Food provides energy to the body, enabling it to efficiently carry out its functions. Many people abuse food, though, by having an unhealthy relationship with it. This food bondage leads to problems with obesity and serious medical conditions.

What are the signs of an unhealthy relationship with food? The person who has an unhealthy relationship with food will be preoccupied with food. She may use it as a coping device for stress, anger, pain and guilt. External stimuli like cookies being brought into the workplace or the smell of fast food will prompt her to eat when not actually hungry.

She may sometimes eat very quickly with no control in an episode of binging and then condemn herself with feelings of shame and guilt. She may eat everything -- even the burnt or fatty portions of food -- on her plate and consume any leftovers on her children's plates in fear of being wasteful. She may have rules about what she can or cannot eat, how much she can eat, and when she must eat. She may be a strict calorie counter.

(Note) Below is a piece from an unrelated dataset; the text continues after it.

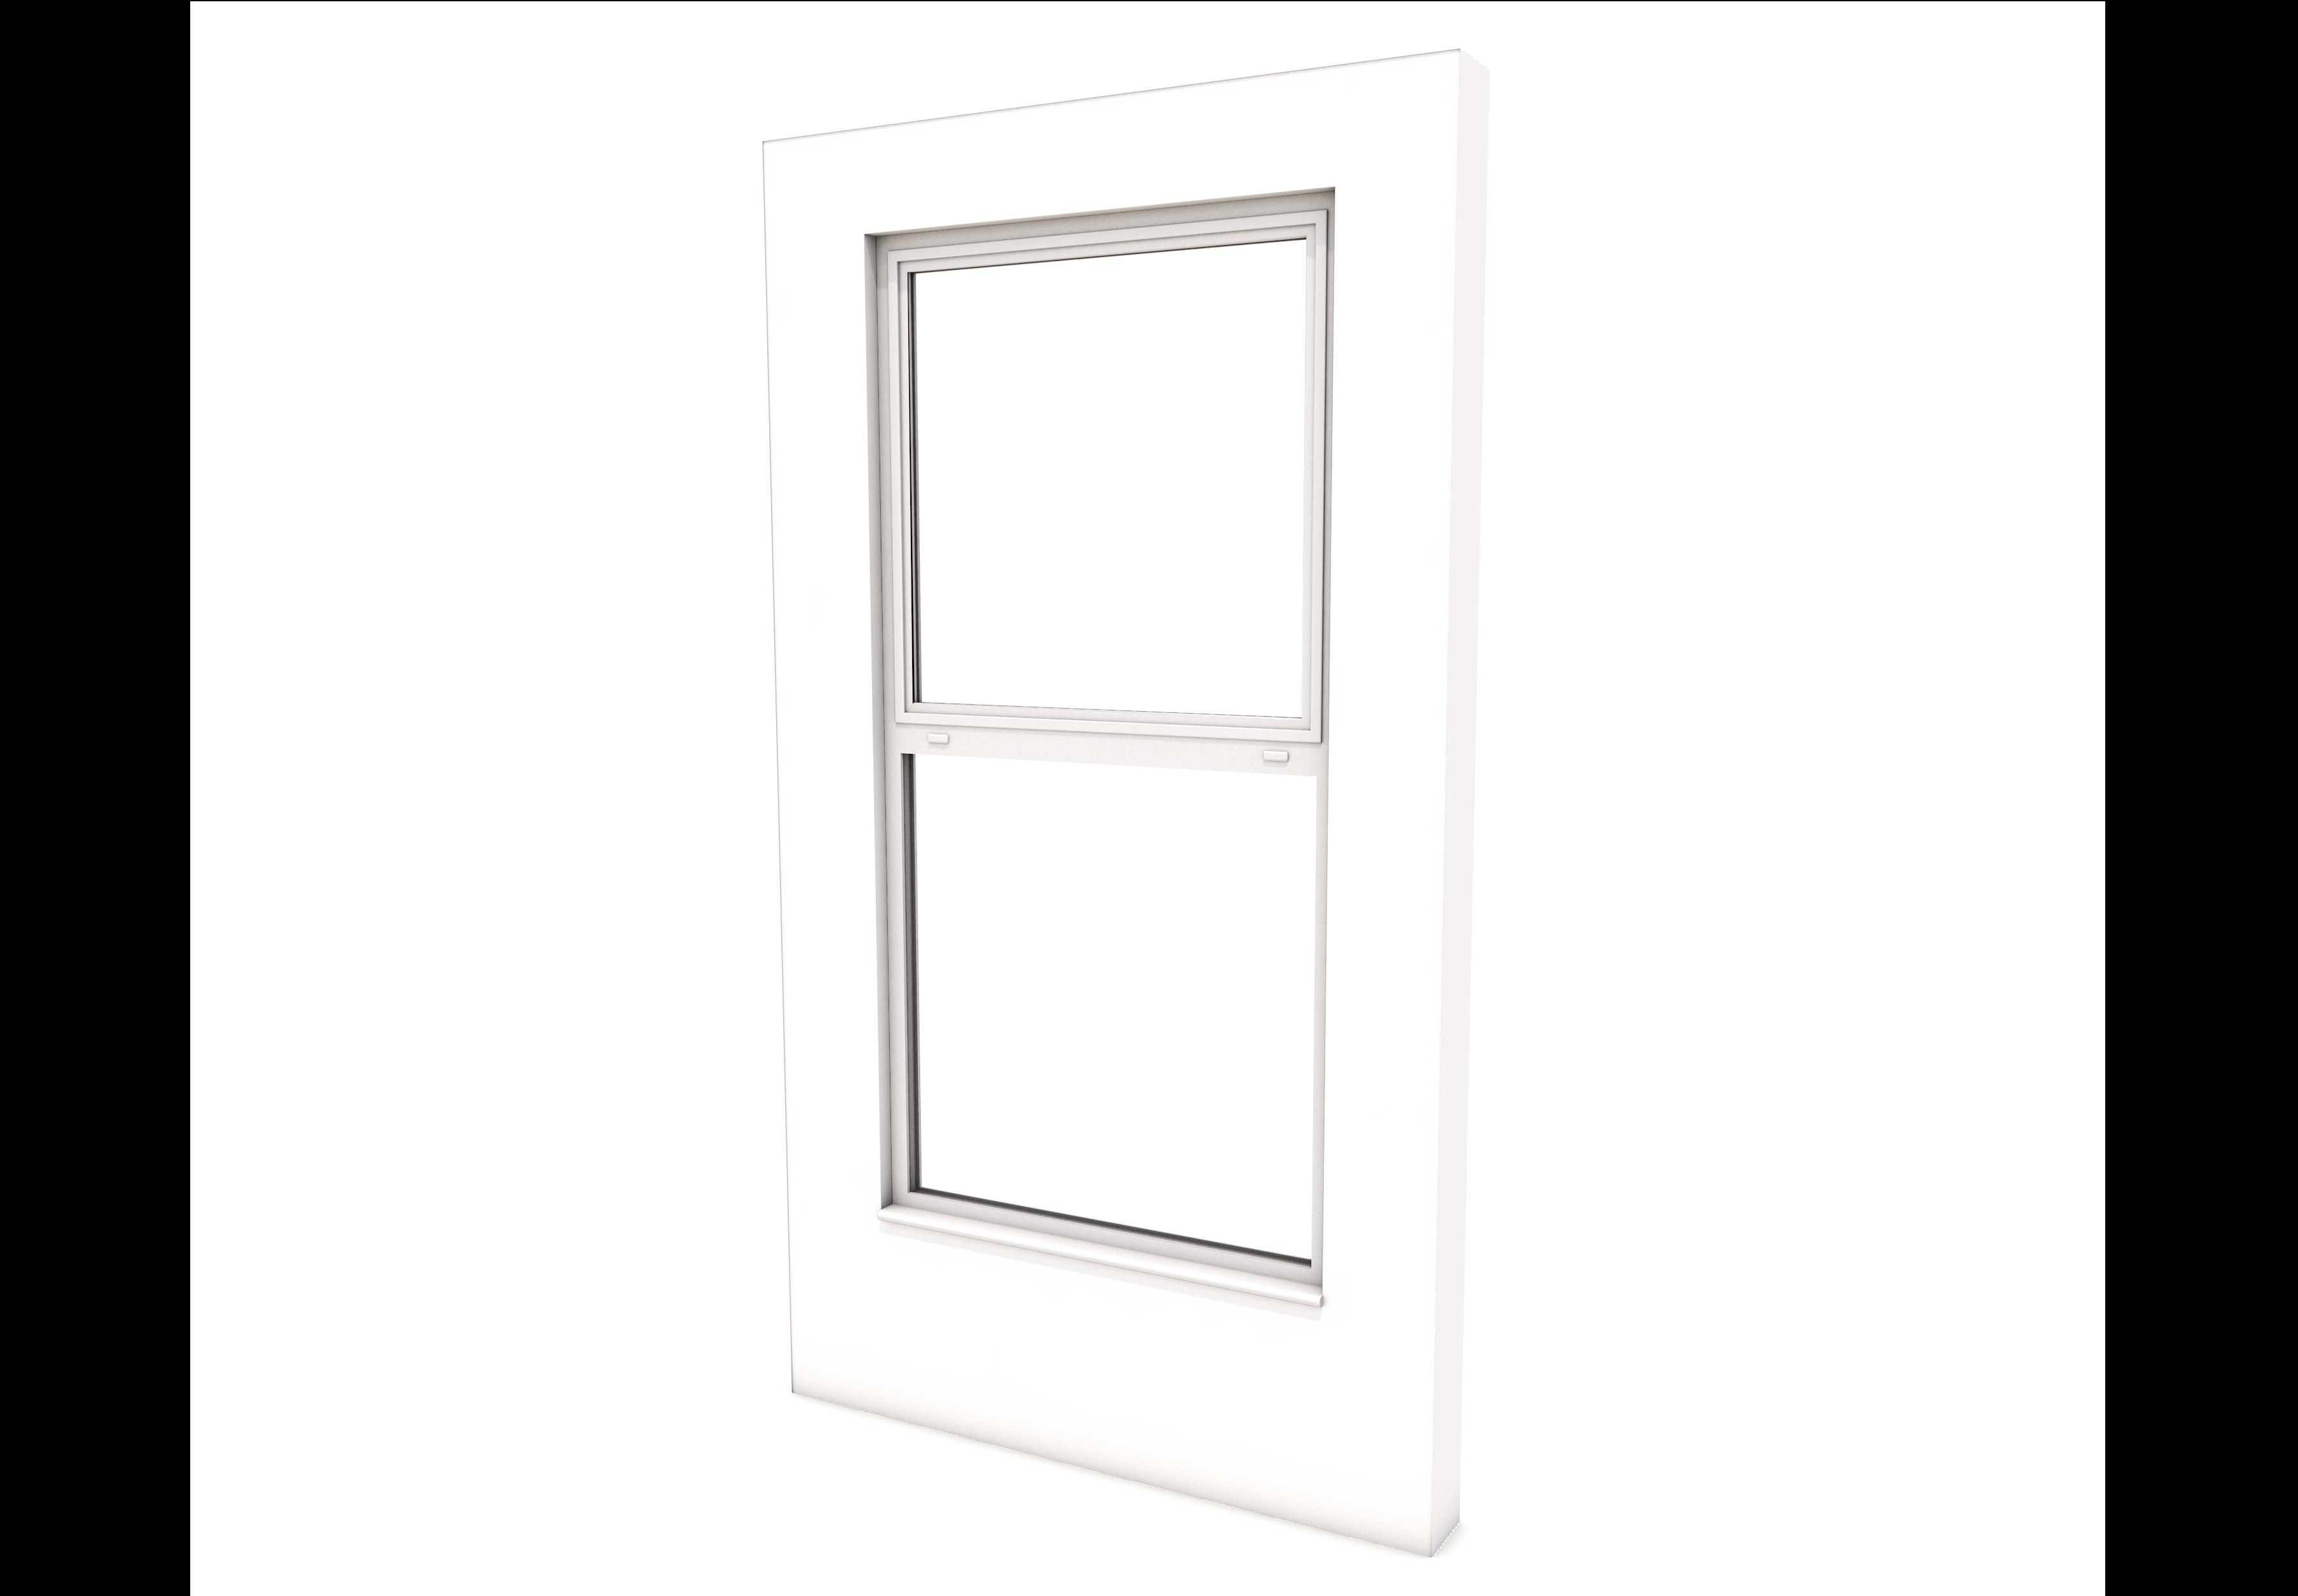 Smart Alitherm 300 Window - 600 x 1600 mm - Top Hinge
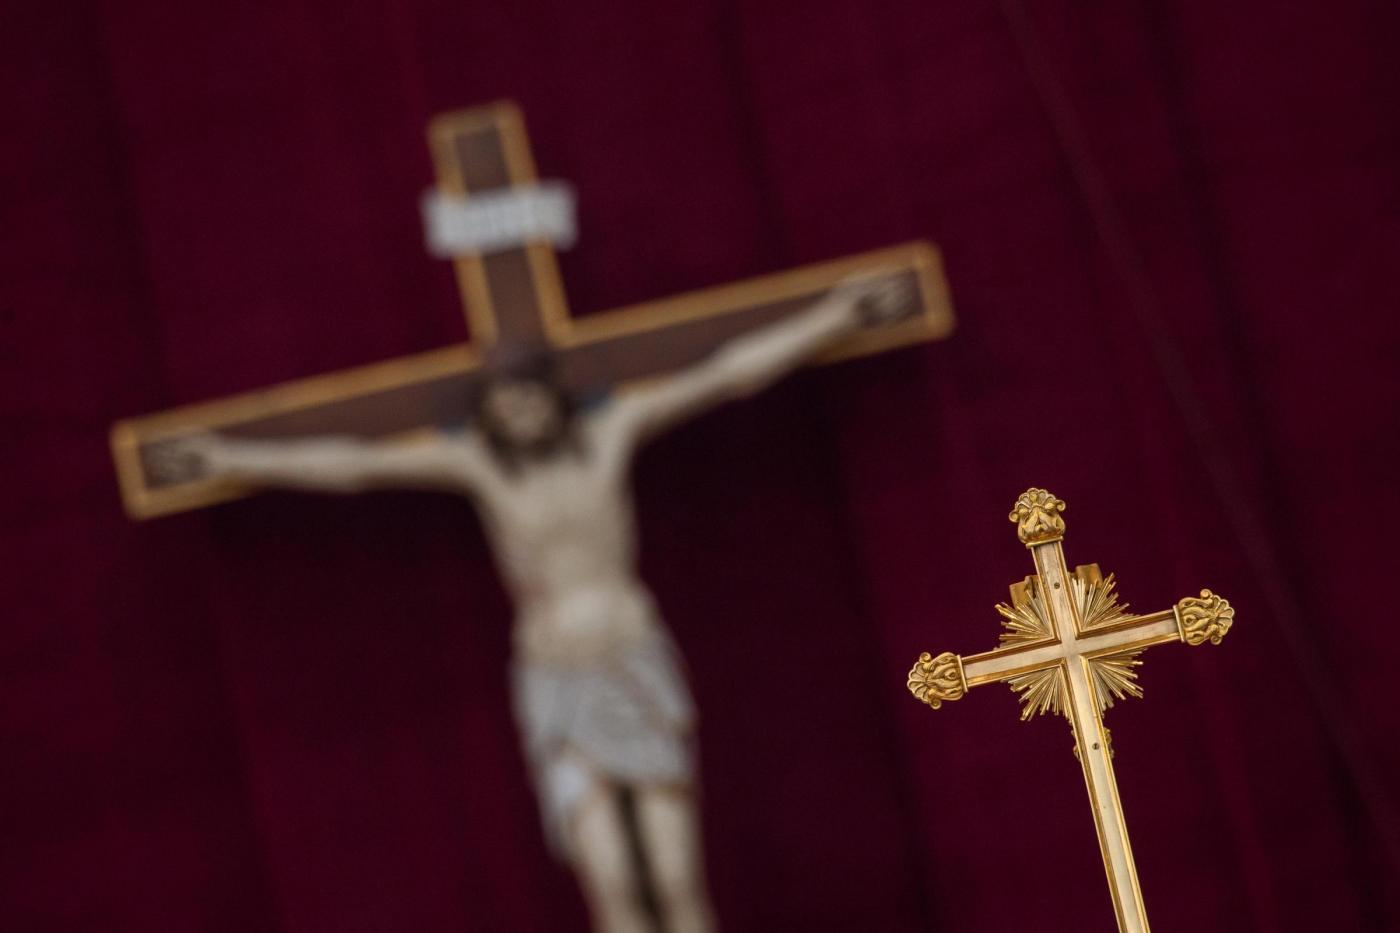 Giubileo: sequestrati 500 mila pezzi tra rosari e altri gadget falsi

The person preoccupied with food no longer can distinguish among the signals of hunger, thirst, satiation or feelings in her own body. She may dislike her appearance or weight to the point of obsession. She may use laxatives, diuretics, diet pills, drastic diets, self-induced vomiting or extreme periods of exercise to attempt to lose weight quickly. The time spent in her work, leisure and relationships is imbalanced with the time spent thinking about food.